On the Generic Point Arrangements in Euclidean Space and Stratification of the Totally Nonzero Grassmannian

TL;DR

This paper studies the classification of generic point arrangements in Euclidean space using stratifications of the totally nonzero Grassmannian, providing enumerations in dimension two and highlighting open problems in higher dimensions.

Contribution

It introduces a stratification of the totally nonzero Grassmannian to parametrize and classify generic point arrangements, with explicit enumeration in 2D and open questions for higher dimensions.

Findings

Enumerates isomorphism classes in 2D using Euler-totient function.

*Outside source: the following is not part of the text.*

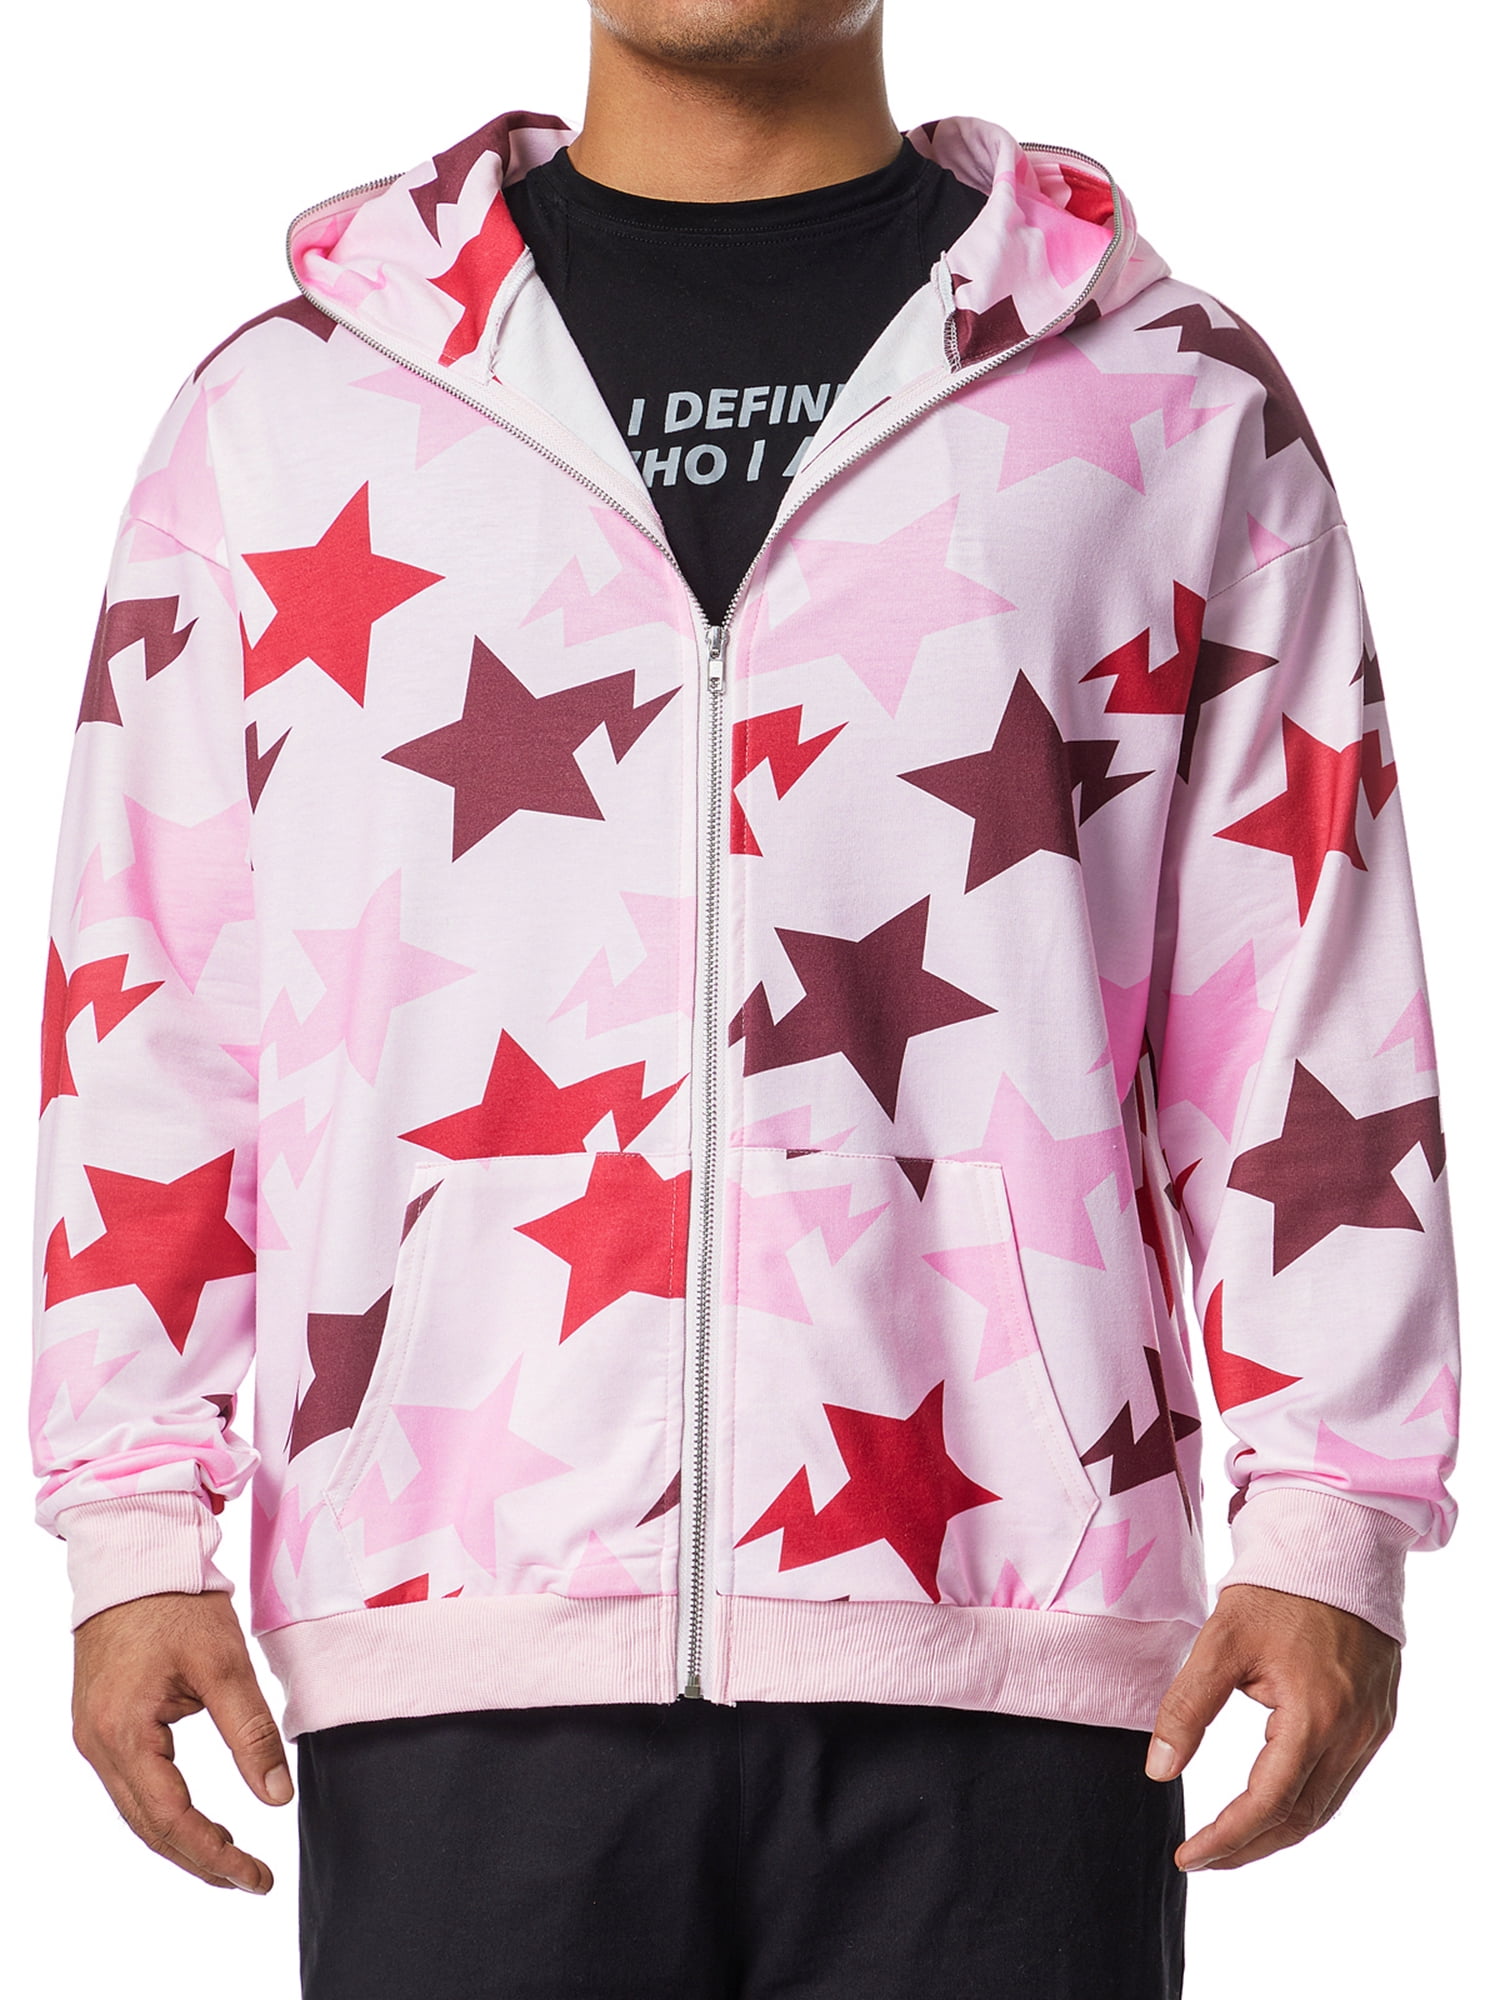 wybzd Men Stars Print Long Sleeve Hooded Sweatshirt 2000s Aesthetic Clothes  Zip Up Streetwear Fairycore Grunge Jacket Pink XL

Describes stratification of the totally nonzero Grassmannian.

Identifies open enumeration problems for dimensions ≥ 3.

Abstract

In this article, for positive integers $n\geq m\geq 1$, the parameter spaces for the isomorphism classes of the generic point arrangements of cardinality $n$, and the antipodal point arrangements of cardinality $2n$ in the Eulidean space $\mathbb{R}^m$ are described using the space of totally nonzero Grassmannian $Gr^{tnz}_{mn}(\mathbb{R})$. A stratification $\mathcal{S}^{tnz}_{mn}(\mathbb{R})$ of the totally nonzero Grassmannian $Gr^{tnz}_{mn}(\mathbb{R})$ is mentioned and the parameter spaces are respectively expressed as quotients of the space $\mathcal{S}^{tnz}_{mn}(\mathbb{R})$ of strata under suitable actions of the symmetric group $S_n$ and the semidirect product group $(\mathbb{R}^*)^n\rtimes S_n$. The cardinalities of the space $\mathcal{S}^{tnz}_{mn}(\mathbb{R})$ of strata and of the parameter spaces $S_n\backslash \mathcal{S}^{tnz}_{mn}(\mathbb{R}), ((\mathbb{R}^*)^n\rtimes S_n)\backslash \mathcal{S}^{tnz}_{mn}(\mathbb{R})$ are enumerated in dimension $m=2$. Interestingly enough, the enumerated value of the isomorphism classes of the generic point arrangements in the Euclidean plane is expressed in terms of the number theoretic Euler-totient function. The analogous enumeration questions are still open in higher dimensions for $m\geq 3$.